Explore the broad, fascinating history of the Eaton's department store empire. Exhaustively researched and thoughtfully written by a prominent department store historian. Canada's largest and most well-known department store, Eaton's was an icon of Canadian culture. From its founding in 1869 to its famed catalogue and network of large stores spreading coast to coast, Eaton's offered something for everyone, in grand style. Relive the days when this remarkable store was a fixture in every Canadian province and served its customers with a distinctive personality that has all but vanished from the retail landscape.

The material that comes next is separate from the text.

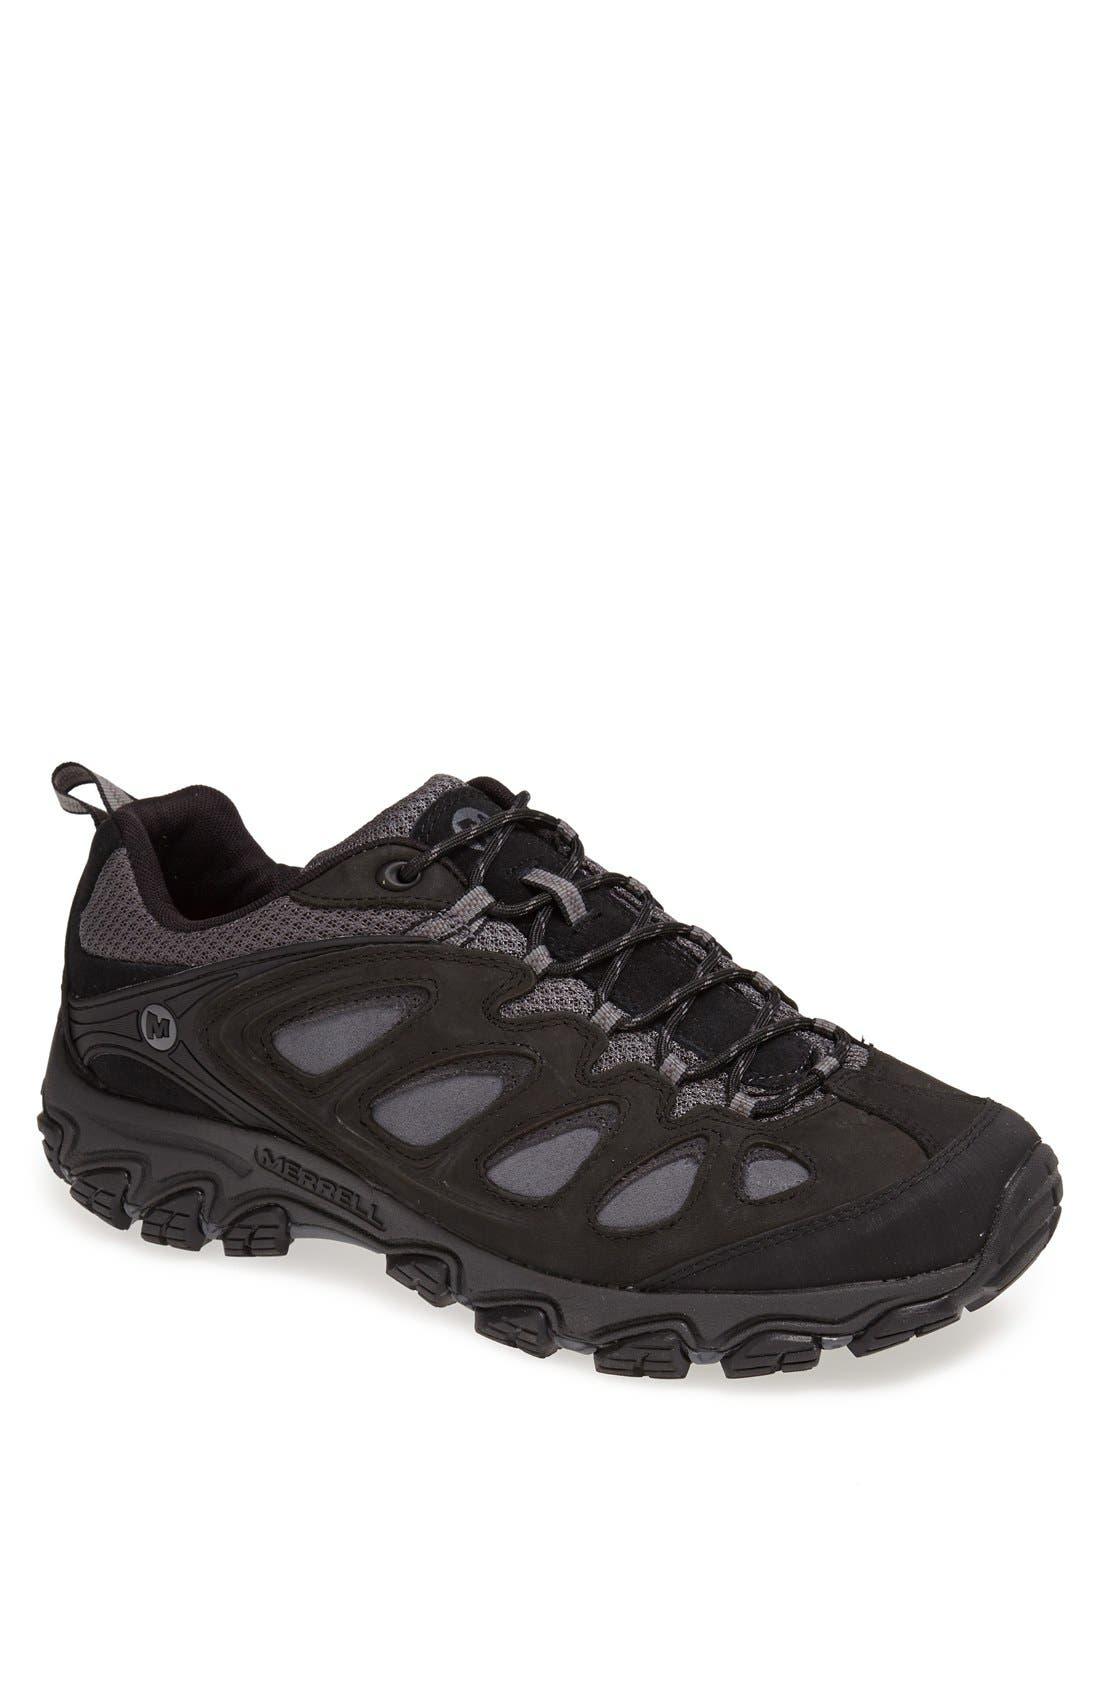 Alternate Image 1 Selected - Merrell 'Pulsate' Hiking Shoe (Men)

Eaton's: The Trans-Canada Store by Bruce Allen Kopytek was a weighty paperback about Canada's preeminent department store chain. At 464 pages, I approached the book thinking that although it would be highly informative, it would nevertheless be a slow read. My first impression was pleasantly disproved the moment I started reading. Kopytek managed to write a lengthy and super-detailed corporate history of the retail giant while maintaining a personal touch. The result was an addictive read, a page-turner, especially since I knew something about Eaton's and was waiting for the author to arrive at certain parts about the company's history. The author filled the book with testimonials from Eaton's customers and employees going back decades, which made the read all the more enticing.
The book started at the time of Timothy Eaton's birth in 1834 (although the Eaton family tree in Appendix B stated his year of birth as 1843) and his emigration to Canada as a young man of twenty. He was a merchant who built an empire literally from coast to coast in all ten provinces. Eaton's was not strictly a chronological read, which was fortunate because that would have made it a boring book. The first Eaton's Santa Claus Parade was held in 1905 yet the chapter about the parade only followed the chapter about store expansion and renovation in British Columbia in the 1970's. I knew that Kopytek had to write about the Eaton's parade tradition as well as the company's decision to cancel the parade in 1982. I just didn't know when he'd eventually get to it. This element of suspense--as I never rush ahead to peek at the pages to come--kept me on the edge of my seat as I ended each chapter. You could say I was waiting for Santa, and in a sense I was.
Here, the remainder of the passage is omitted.